-- Opening Marker --

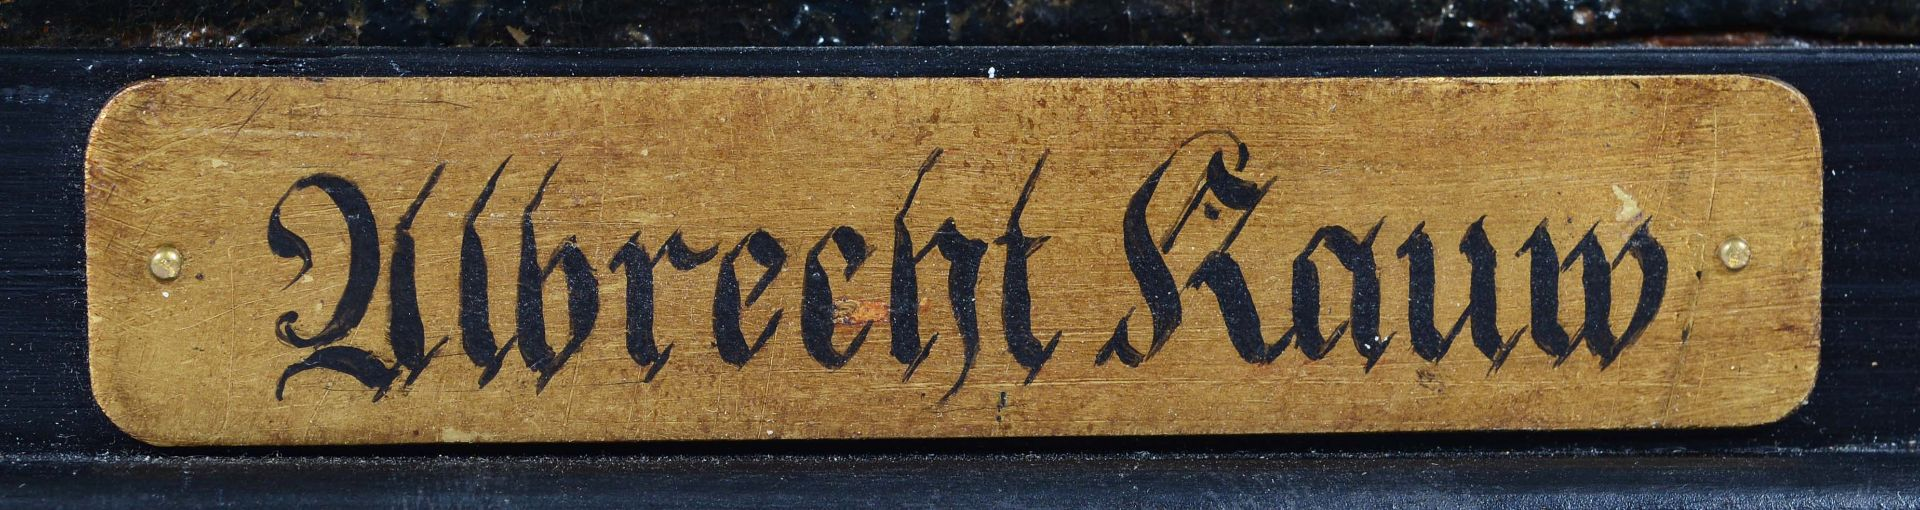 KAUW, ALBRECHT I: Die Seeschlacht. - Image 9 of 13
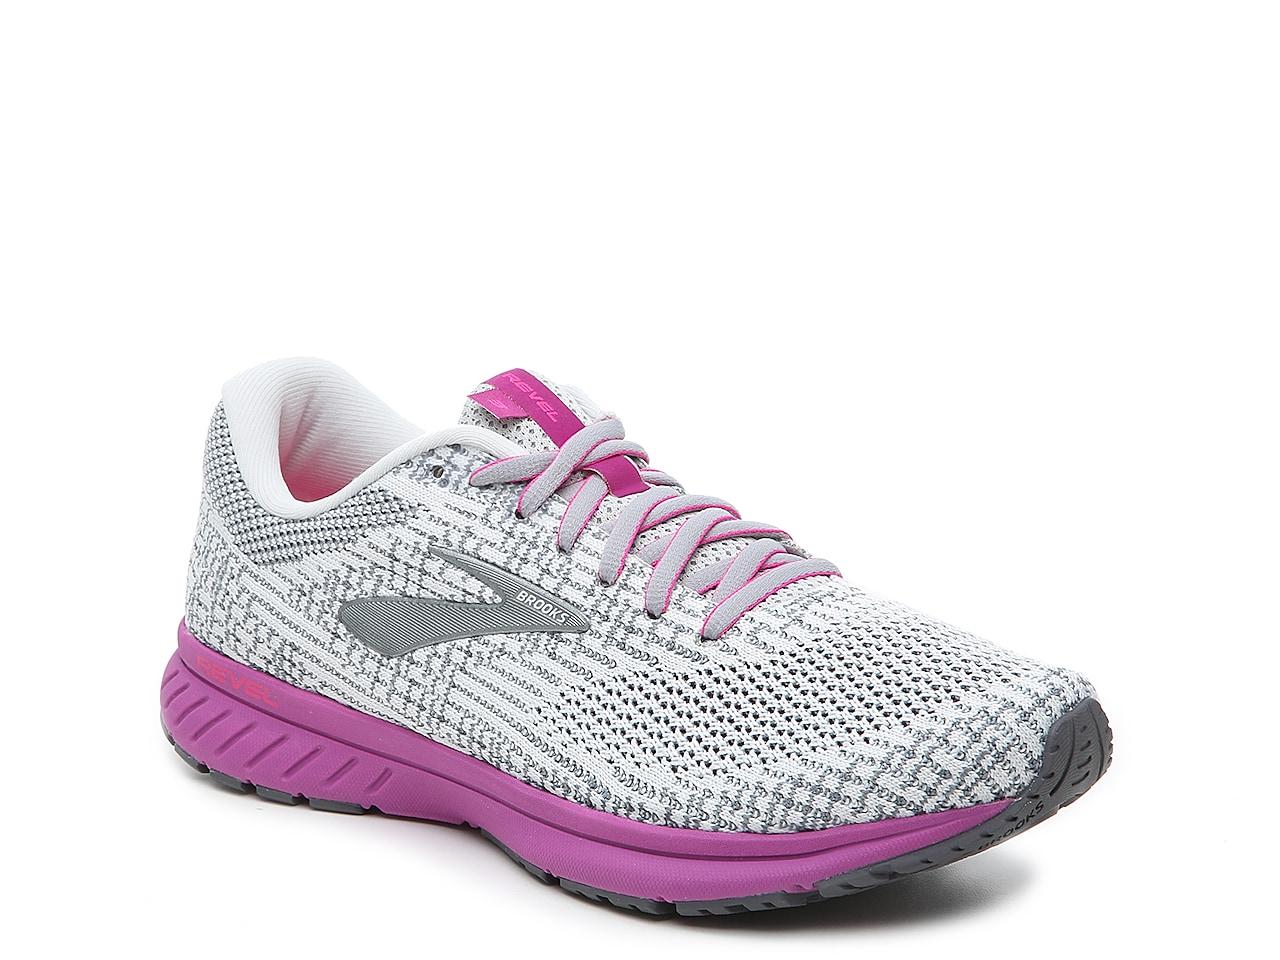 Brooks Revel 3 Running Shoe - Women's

-- Closing Marker --
-- Opening Marker --

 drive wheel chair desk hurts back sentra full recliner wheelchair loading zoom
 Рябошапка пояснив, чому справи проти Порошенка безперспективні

-- Closing Marker --

Only one stretch of the data is wanted: write out exactly the lines from the one holding "KAUW, ALBRECHT I: Die" through the one holding "Brooks Revel 3 Running Shoe - Women's", both included, without the pictures.

 KAUW, ALBRECHT I: Die Seeschlacht. - Image 9 of 13
 Brooks Revel 3 Running Shoe - Women's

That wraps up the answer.